For LSL Plus I’m using the Parsec parser combinator library, which is an LL(k) parser. It has facilities for error reporting (when a parse failure occurs, it reports the position and what tokens were expected) but not error recovery. I believe I’ve found a low-tech way to get simple error recovery implemented, but I’m curious about more general techniques. A parser combinator library which supports error recovery is desribed in this paper, which I’m on the verge of reading… but before I educate myself on formal techniques for error recovery, I’m curious about how ‘error recovery’ can be defined. I think you perhaps could define it in terms of ‘edit distance’.

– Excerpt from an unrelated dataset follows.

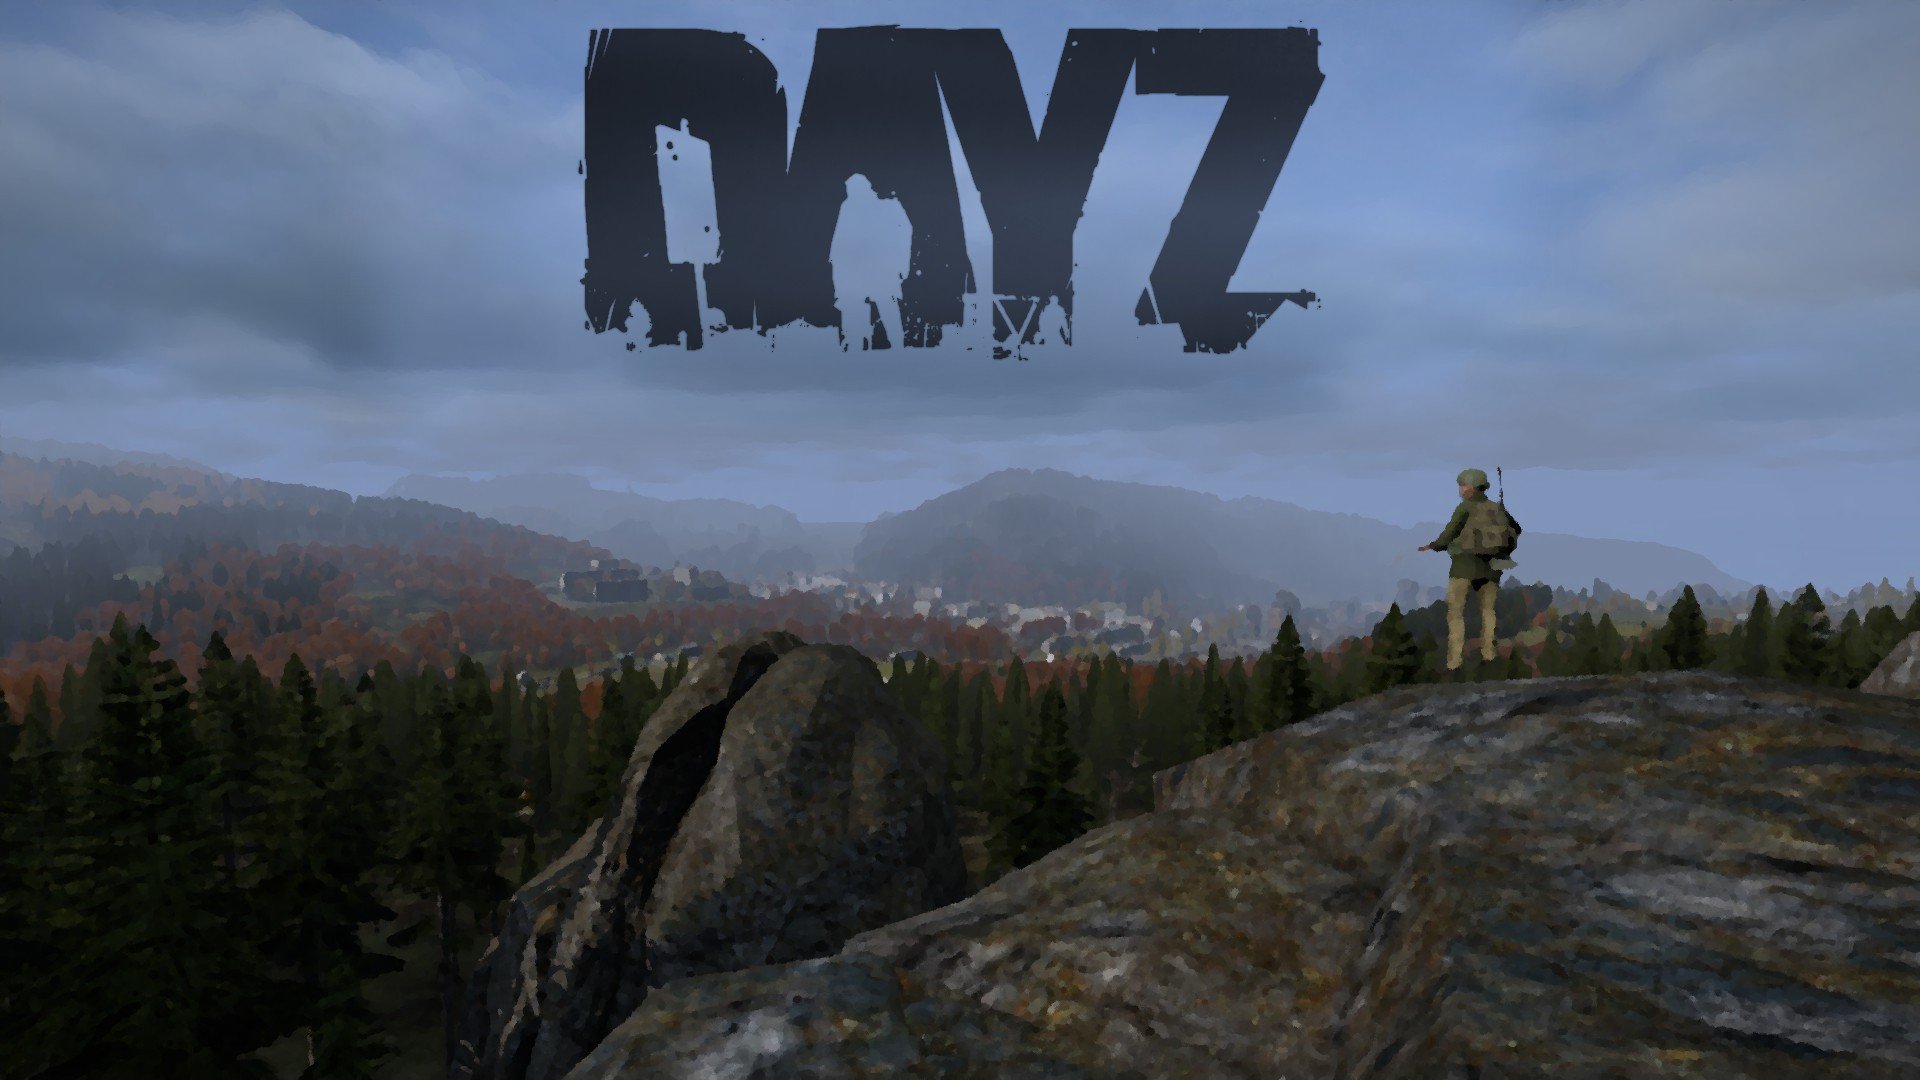 dayz standalone for mac free download

The ‘edit distance’ between two strings is the number of insertions/deletions/substitutions that it would take to transform one string into another. The following is a Haskell function that computes the edit distance between two strings.
> ed :: Eq a => [a] -> [a] -> Int
> ed s [] = length s
> ed [] t = length t
> ed (s:ss) (t:ts) =
> minimum [(if s == t then 0 else 1)
> + ed ss ts,
> 1 + ed ss (t:ts),
> 1 + ed (s:ss) ts]
A parser that does error recovery would try to find a correct string (one that parses) that is the least distance from the actual string being parsed. There will be a bound on the search path, since the grammar will have shortest string that parses correctly; the edit distance must be less than or equal to the length of the input string plus the length of the shortest possible correct string. (I.e. you can always delete the entire string and insert a correct string, which is the worst case for error recovery). Searching all strings from edit distance 1 to the maximum edit distance is of course not feasible (except for very tiny strings), but perhaps there are approaches much better than brute force, which is something like O(tn), where t is the number of possible tokens.
Nevertheless, I’ll probably go with an error recovery approach using Parsec that is heavily tuned to my grammar and existing parser.